*Try it*
Reproduce word for word the lines between those holding "Outdoor Travel Dog" and "Motocross holeshot device.", inclusive, and nothing else from the data below.

*Supplied data*
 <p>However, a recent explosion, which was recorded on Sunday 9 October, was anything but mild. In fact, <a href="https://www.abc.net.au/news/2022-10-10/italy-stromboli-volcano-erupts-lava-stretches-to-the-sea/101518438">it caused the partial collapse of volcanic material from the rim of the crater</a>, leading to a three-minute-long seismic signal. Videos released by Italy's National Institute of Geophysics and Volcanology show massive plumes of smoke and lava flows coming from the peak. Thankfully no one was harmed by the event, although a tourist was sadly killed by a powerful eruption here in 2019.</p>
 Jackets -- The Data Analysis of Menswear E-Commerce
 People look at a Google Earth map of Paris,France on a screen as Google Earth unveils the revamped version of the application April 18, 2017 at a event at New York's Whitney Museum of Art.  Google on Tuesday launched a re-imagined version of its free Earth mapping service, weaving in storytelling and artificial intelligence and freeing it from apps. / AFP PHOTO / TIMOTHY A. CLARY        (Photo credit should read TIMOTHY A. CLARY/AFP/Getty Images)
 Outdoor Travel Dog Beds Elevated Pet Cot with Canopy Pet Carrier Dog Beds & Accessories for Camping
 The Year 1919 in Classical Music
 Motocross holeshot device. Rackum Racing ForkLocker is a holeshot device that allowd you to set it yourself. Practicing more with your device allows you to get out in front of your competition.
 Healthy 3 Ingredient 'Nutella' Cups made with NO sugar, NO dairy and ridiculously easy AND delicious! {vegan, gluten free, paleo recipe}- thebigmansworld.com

*Solved exercise*
 Outdoor Travel Dog Beds Elevated Pet Cot with Canopy Pet Carrier Dog Beds & Accessories for Camping
 The Year 1919 in Classical Music
 Motocross holeshot device. Rackum Racing ForkLocker is a holeshot device that allowd you to set it yourself. Practicing more with your device allows you to get out in front of your competition.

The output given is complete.